Previously, I have written here about authoritarian personalities (Trump supporters) and Dictator (Trump the Fascist); a theme, while not spelled out, is the degree in which the authoritarian personality needs the ideology, becomes the True Believer.  This is true in left and right authoritarian personalities.  I would draw the distinction in whether the Dictator is a True Believer; Stalin and Hitler, and their respective party officials, believed their respective ideologies by acting as both avatar and protector: reality and ideology were the same.   Fascism--the merger of corporate capitalism with government--cannot, in my mind, produce Dictators who are also true believers because capitalism--the root--is mercenary and opportunistic, the supremacy of profit, and the any means to profit become the alpha, even if it results in the omega.  If you will sell the rope by which you might hang, you are a Nihilist, and that doesn't square with True Believer.   Pasolini would agree.


This juxaposition between the pic and the epigram is needfully provocative, needfully decontextualized, because it speaking exactly a twisted form of female, if not feminist, agency.
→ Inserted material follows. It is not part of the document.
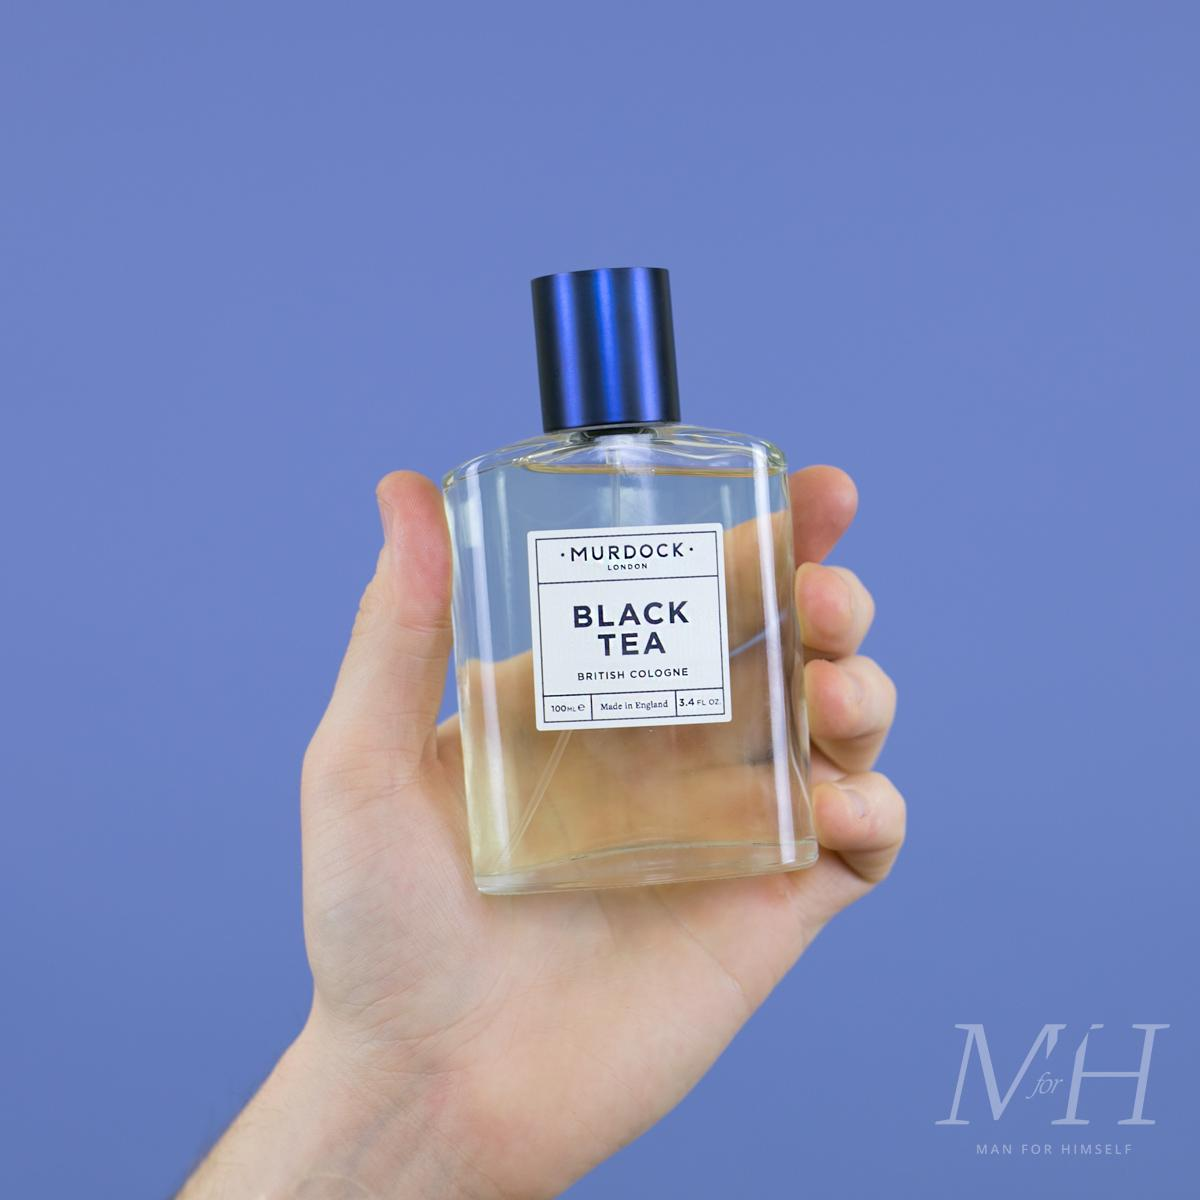 murdock-london-black-tea-review-man-for-himself
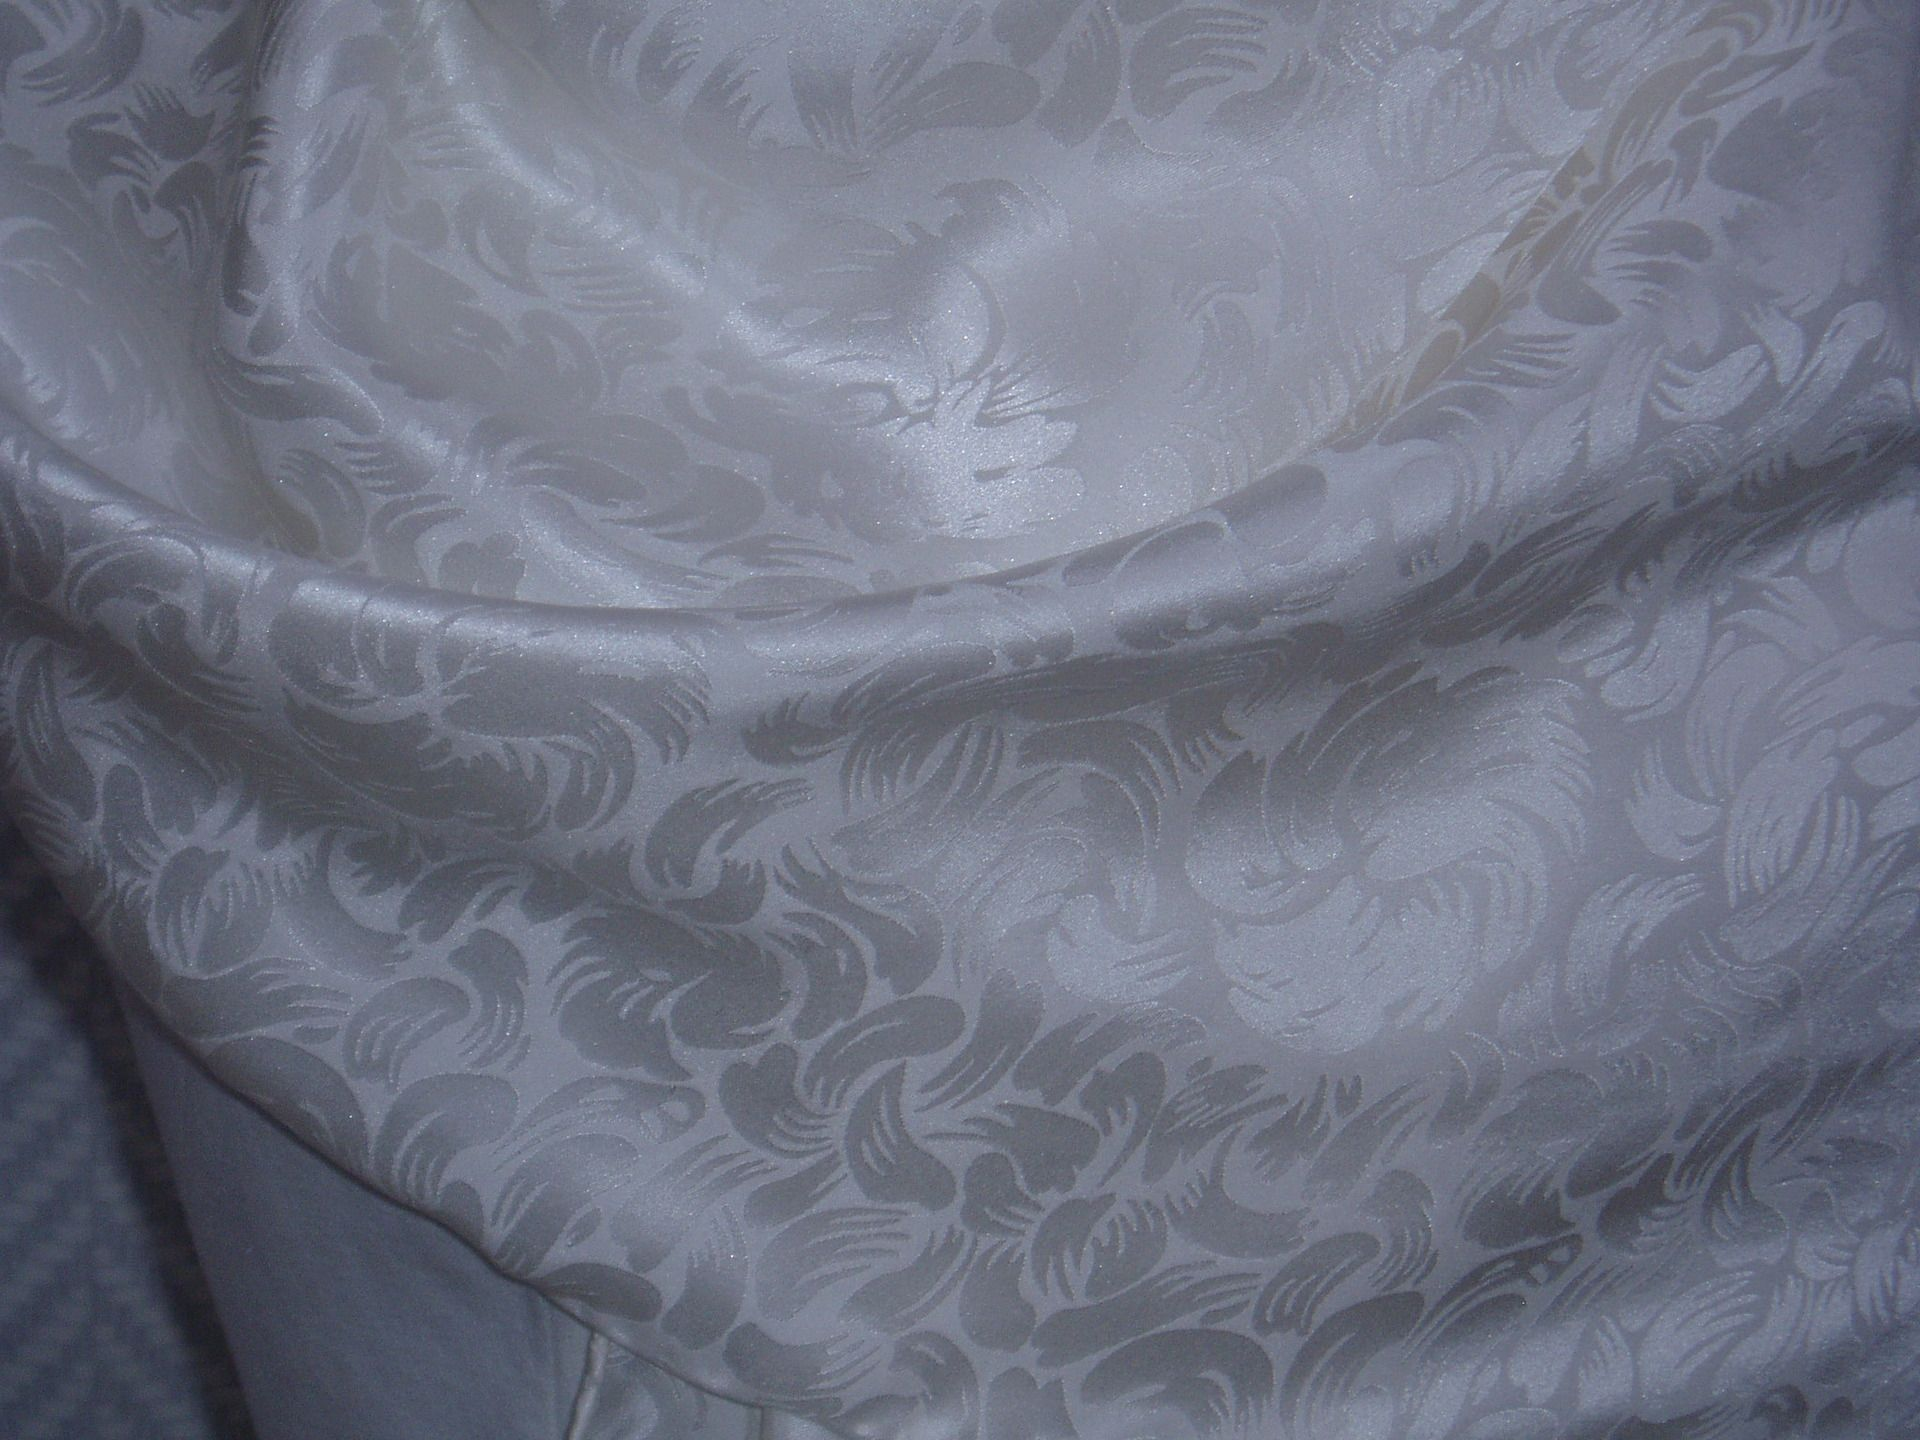 Echarpe étole foulard en soie blanche

Women's agency--to act and think freely, in accordance with their world view--means that the above women are acting as fully conscious agents within their worldview and articulating that agency through this kind of "oh yeah? Fuck You!" political speech.  The woman in the center is certainly "writing herself" with the homemade shirt, and certainly "into the world...by her own movement."   Given the rhetoric of Trump supporters and the candidate himself, they see campaign as revolutionary movement, a freeing of "the future" from the "past".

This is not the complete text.